Der Studie zufolge wird Europa im Jahr 2030 mit immer noch 50 Prozent der gesamten Wertschöpfung zwar weiter das Premiumsegment dominieren (2017: 56 Prozent), der Anteil Chinas werde allerdings von 13 Prozent auf 20 Prozent steigen. Die sogenannte Glokalisierung der eigenen Wertschöpfung, also die globale Gestaltung der eigenen Produkte und Prozesse, werde für die Zulieferer mehr und mehr wettbewerbsentscheidend, sagt Berking.
Hinzu komme, dass sich die Fahrzeuge und damit ihre Komponenten inhaltlich stark verändern, ergänzt er: „Bereits heute entwickeln Automobilzulieferer ein neues Produktverständnis, weil sie am Markt für vernetzte Fahrzeuge teilhaben wollen. Immer wichtiger werden digitale Dienste und Anwendungen für das Fahrzeug, die auf Softwarelösungen basieren.“
Rolle des digitalen Integrators
Gute Aussichten auf margenstarkes Wachstum etwa bietet laut Studie in Zukunft die Rolle des digitalen Integrators. Dieser werde dank hoher Fähigkeiten etwa bei der Integration von Software und der Digitalisierung von Produkten sowie eines globalen Produktions- und Entwicklungsnetzwerks für Hersteller unverzichtbar.
Sogenannte Tier-0,5-Zulieferer dagegen könnten sich zwischen OEM und Premiumlieferanten (Tier 1) schieben. Sie bieten noch komplexere Systeme an, etwa komplette Fahrgestell-„Skateboards“ für E-Autos oder Gesamtsysteme für autonomes Fahren. Am anderen Ende der Wertschöpfungskette werden sich Online- und direkte Aftermarket-Geschäfte stark entwickeln und Zulieferer herausfordern.

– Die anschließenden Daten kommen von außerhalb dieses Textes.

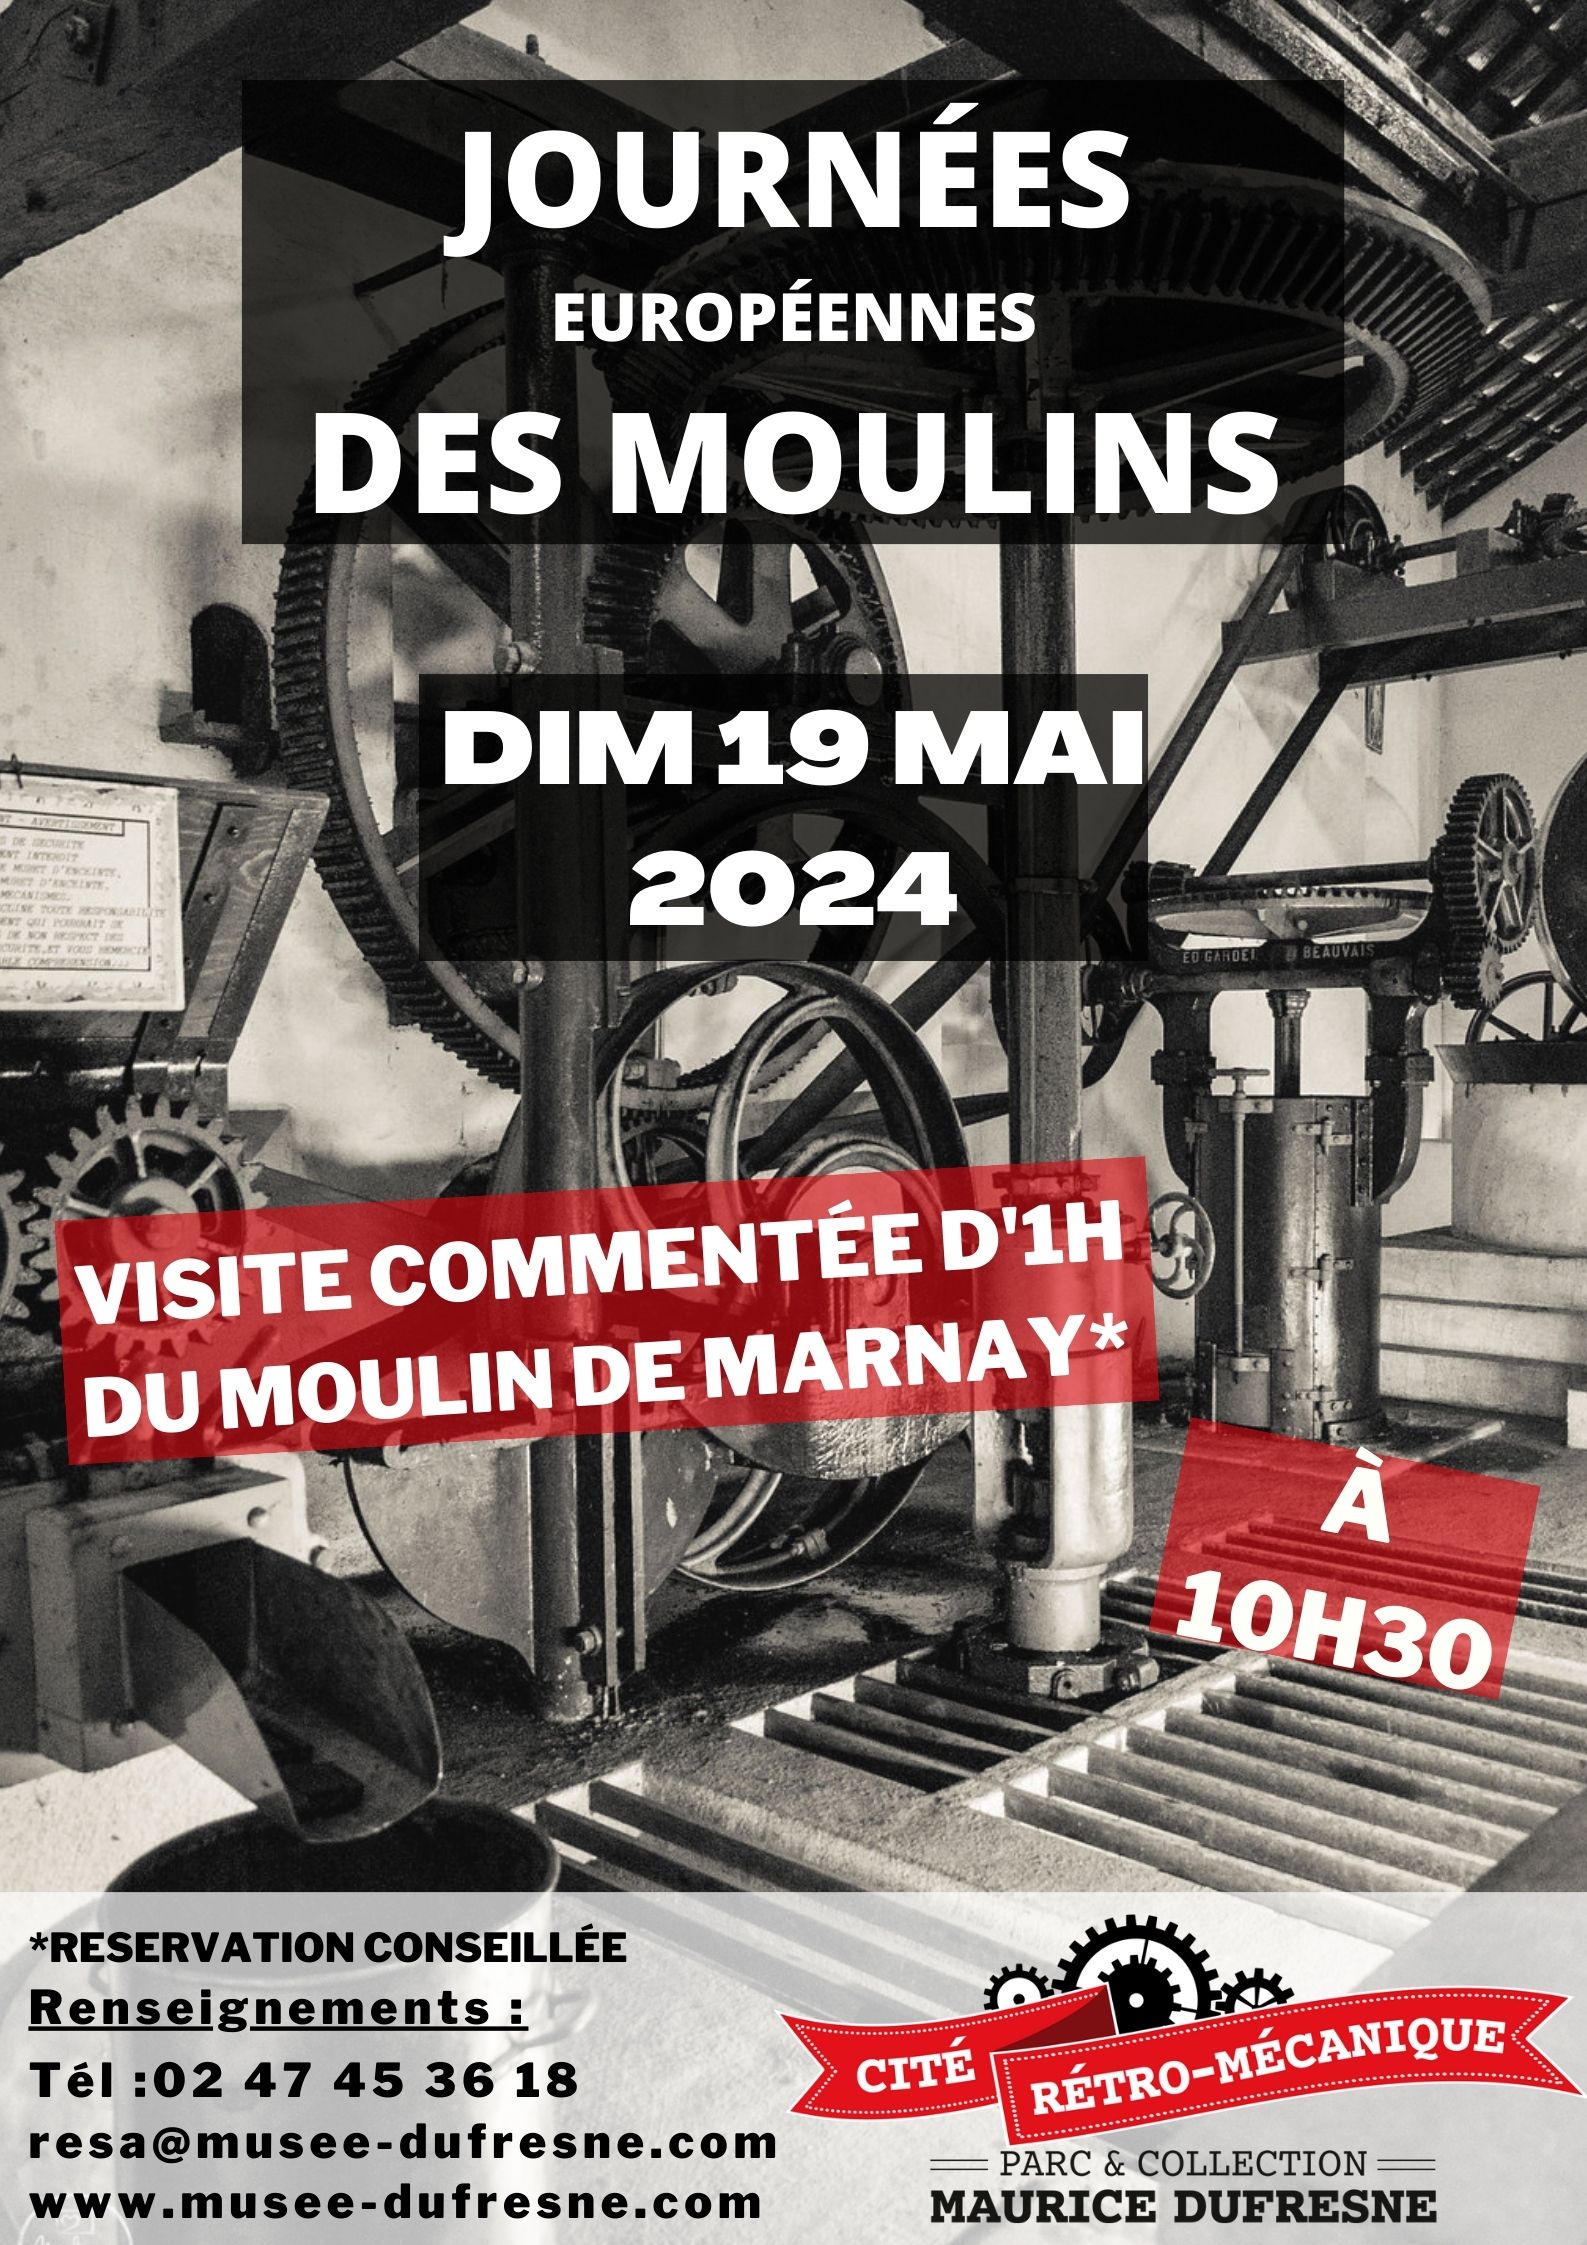 Moulin de Marnay – Cité Rétro-Mécanique Maurice Dufresne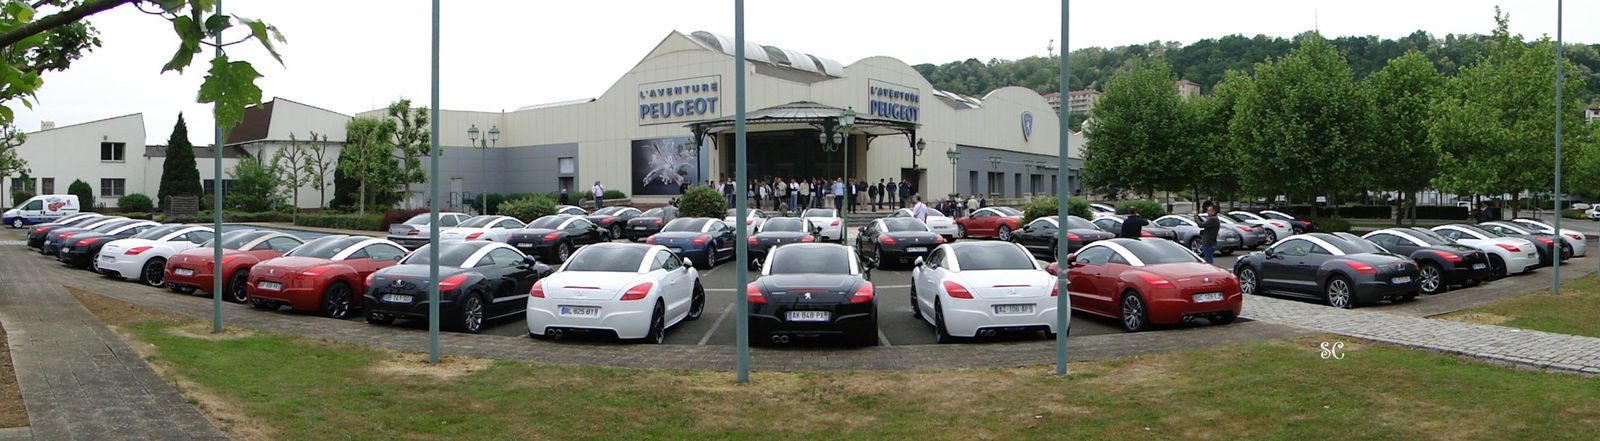 "L'Aventure Peugeot" retrace ici l'histoire de la marque Sochalienne. Une visite à ne pas manquer si vous passer par la région ! et à faire régulièrement si vous habitez cette belle région ! Ouvert tous les jours de l'année sauf le 1/1 et le 25/12.

Viele Unternehmen würden sich schon auf die „stürmischen Zeiten“ vorbereiten, schreiben die Studienautoren. Die Handlungsfelder seien vielfältig und reichten von schnellerem Launch-Management über Wachstums- und Investitionsfinanzierung in einem anspruchsvolleren Zinsumfeld bis hin zur Gewinnung neuer Talente.
Ein wichtiges Erfolgskriterium gerade für kleine und mittlere Zulieferer bestehe darin, ob es ihnen gelinge, hoch qualifizierte und motivierte junge Mitarbeiter im globalen Talentwettbewerb an sich zu binden, sagt Buss: Re-Innovation in einer Zeit der Disruption werde in einer durch Konsolidierung und Neuordnung bestimmten Zuliefererlandschaft zur Überlebensstrategie, an die sich auch die Hersteller anpassen müssten.